To Retain a Competitive Business Edge you Need to Blog

If you have an internet business, or some form of online home business which doesn't currently support a blog then you are losing a lot of ground to your competitors and quietly signing the death warrant of your online money making ventures.
Blogging Is The Future Of Online Activity
Actually to be honest blogging isn't the future of online activity Blogging Is The Now of Online Activity and has been for some time. Everything and everybody is leaning towards web 2.0 based sites such as blogs and when I mean everyone and everybody I'm talking about the people who count and search engines. That's right search engines...remember those pesky not-so-trivial online dictators that we just can't seem to do without but fervently wish we could?
SURE...a lot of savvy internet marketers are harping on how th
e golden era of the search engine has been one-upped by social media sites and is for all intent and purposes over; truth be told that's a pile of steaming hogwash. Why? Well let's look at some figures...you can't go wrong with figures and stats; just as long as they are right I guess:
Search Stats End of 2007
* Google: 63.98% (The bigboy has muscled up)
* Yahoo: 22.87% (Retained the same balanced diet)
* MSN: 7.98% (Looks like Microsoft's search is on a slimfast diet)
* Ask.com: 3.49% (The toddler of the pack...must be doing good because it won a PC World Nomination for 25 Most Innovative Products of The Year)
Fine And Dandy But What Has Mainstream Search Got To Do With Web 2.0?
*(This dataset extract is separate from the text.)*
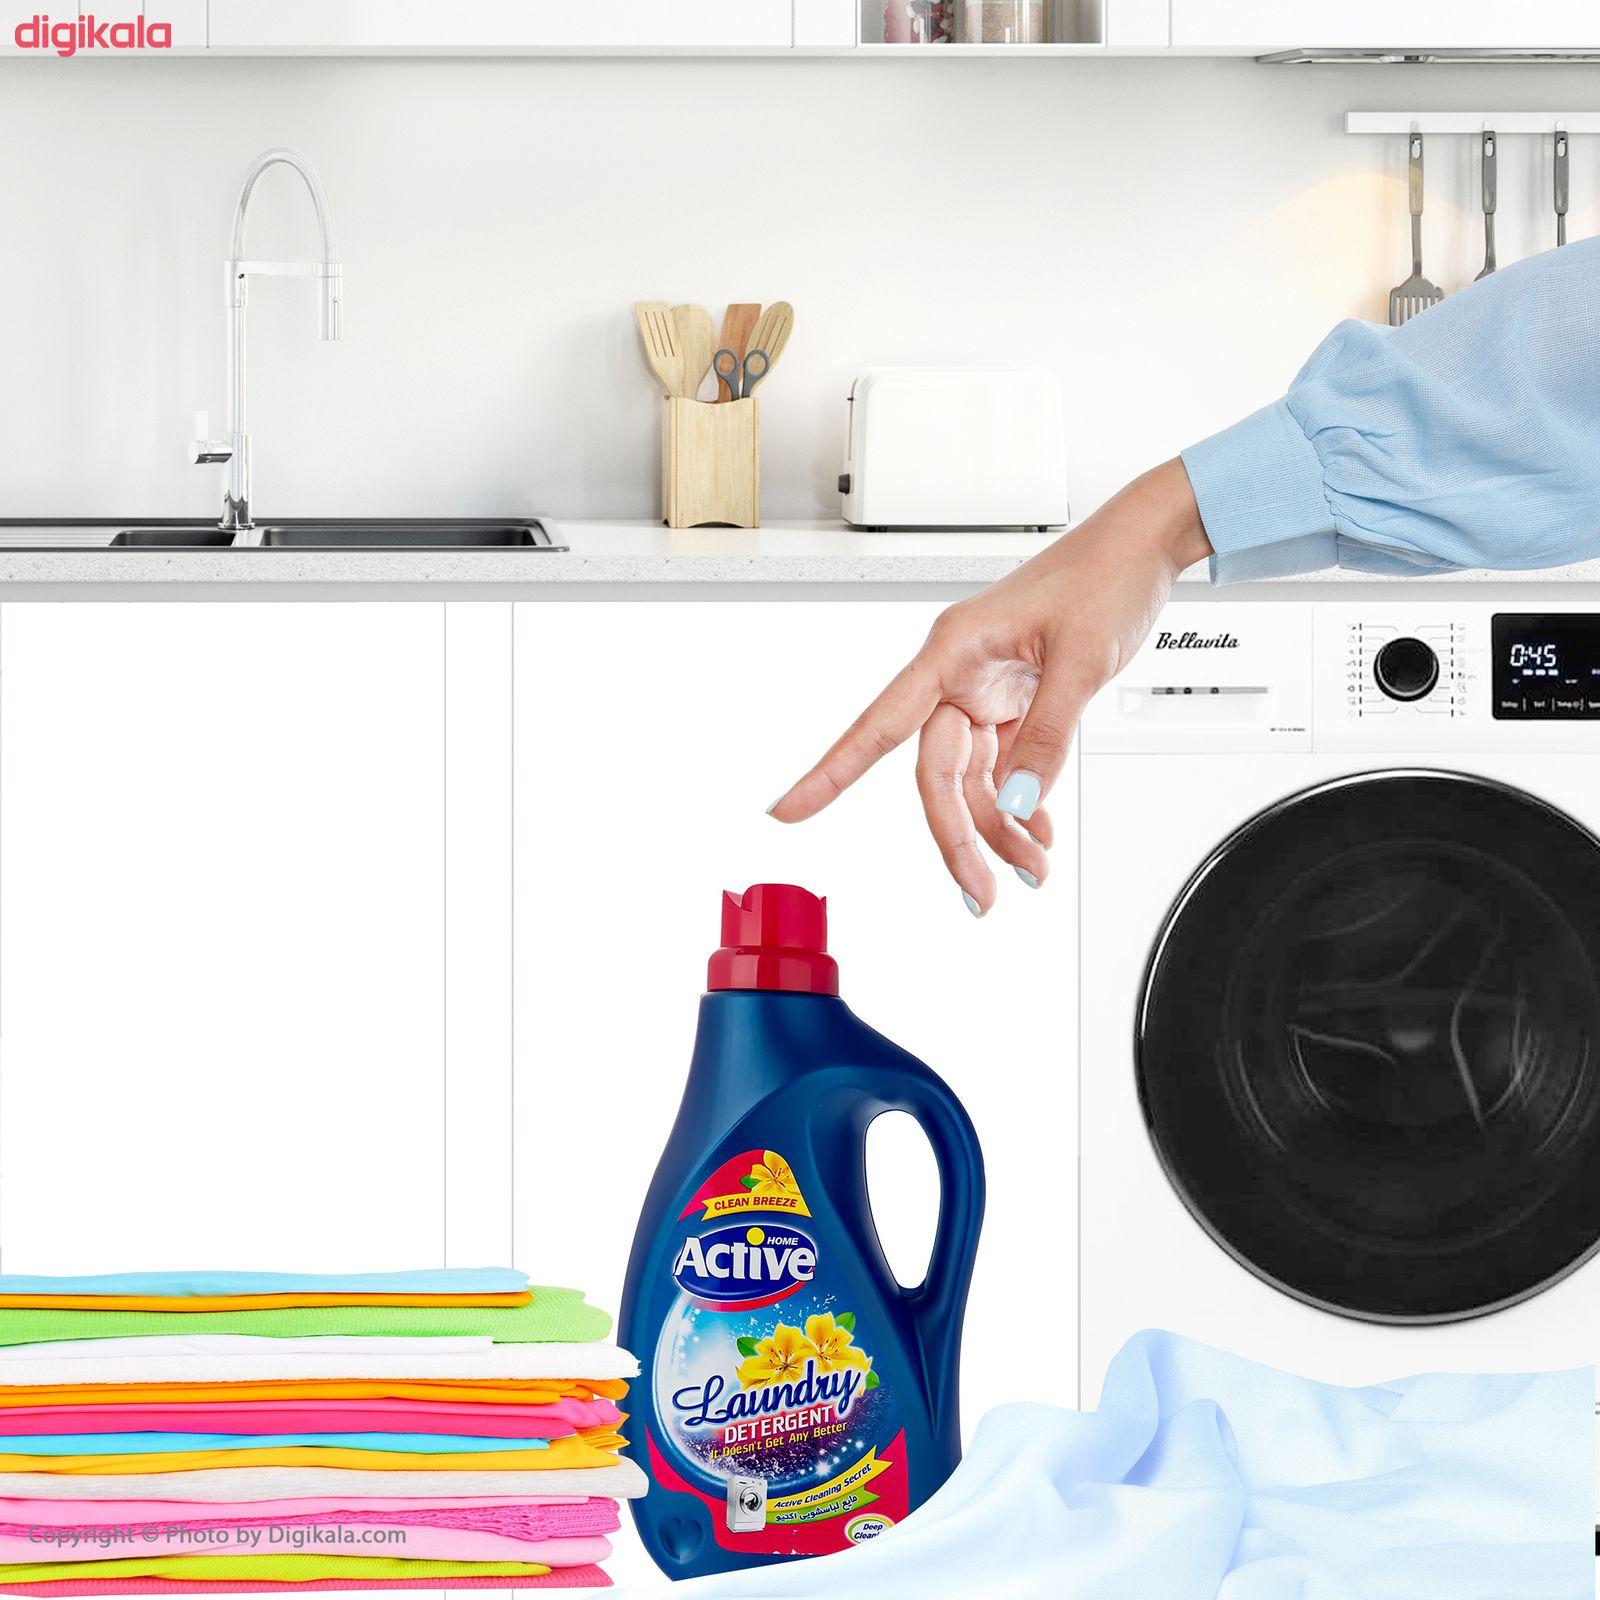 مایع لباسشویی سرخابی اکتیو 2500 گرم main 1 4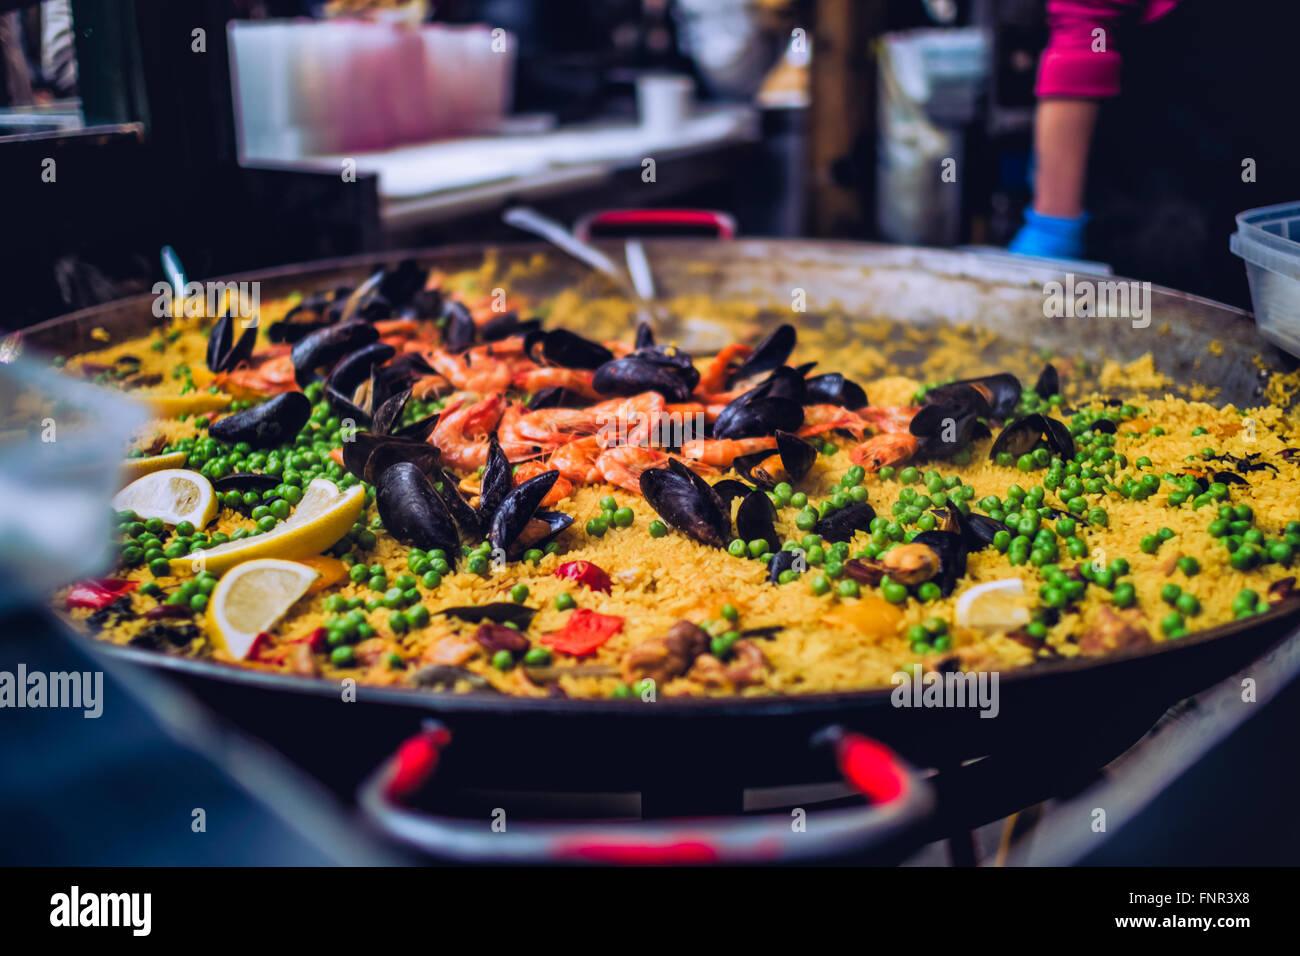 Paella at Borough Market - Stock Image

Hmmm,wasn't the whole point of social media websites and the explosion of new refined niche-category search engines supposed to circumvent bigboy online mainstream search? After all Google is no longer the darling of the people it once was and doesn't seem to abide by its "Do No Evil" motto anymore. Be that as it may Google ain't going anywhere anytime soon no matter how loud disillusioned acolytes may chant. Google is making sure of that by strengthening its grip on search and its influence in the social media theater...that's why it bought Youtube for $1.65 billion dollars despite having its own Google Video platform which however, in comparison, performed dismally.
What was the real driving force behind the Google buy up of Youtube? How about the fact that Youtube has over 100 million videos viewed a day and well over 72 million unique visitors each and every month!
But this is happenstance digression, time to get back to the point!
Mainstream Search Engine Web Traffic vs. Social Media Traffic
If you think of mainstream search as enormous relatively unrefined web traffic and that of social media websites as more niche-oriented or refined web traffic you wouldn't be far wrong. But that is not the complete story because conversely search-engine based web traffic is more valuable to you as an internet marketer or if you have an online home business. Catch is, it ain't easy to get to the top of the search engines where it really matters! Luckily this is where social media sites and web 2.0 truly shine.
It is a lot easier to get a good flow of web traffic from web 2.0 and social media sites than it is from the search engines, most especially if your website/blog is spankin' brand new! However getting internet traffic from social media sites also requires a level of input from you (Yup! What one-time big-hair advocate and internationally recognized hairstylist Vidal Sassoon quipped stands ever strong today as the day he uttered it: "The Only Place Where Success Comes Before Work Is In The Dictionary").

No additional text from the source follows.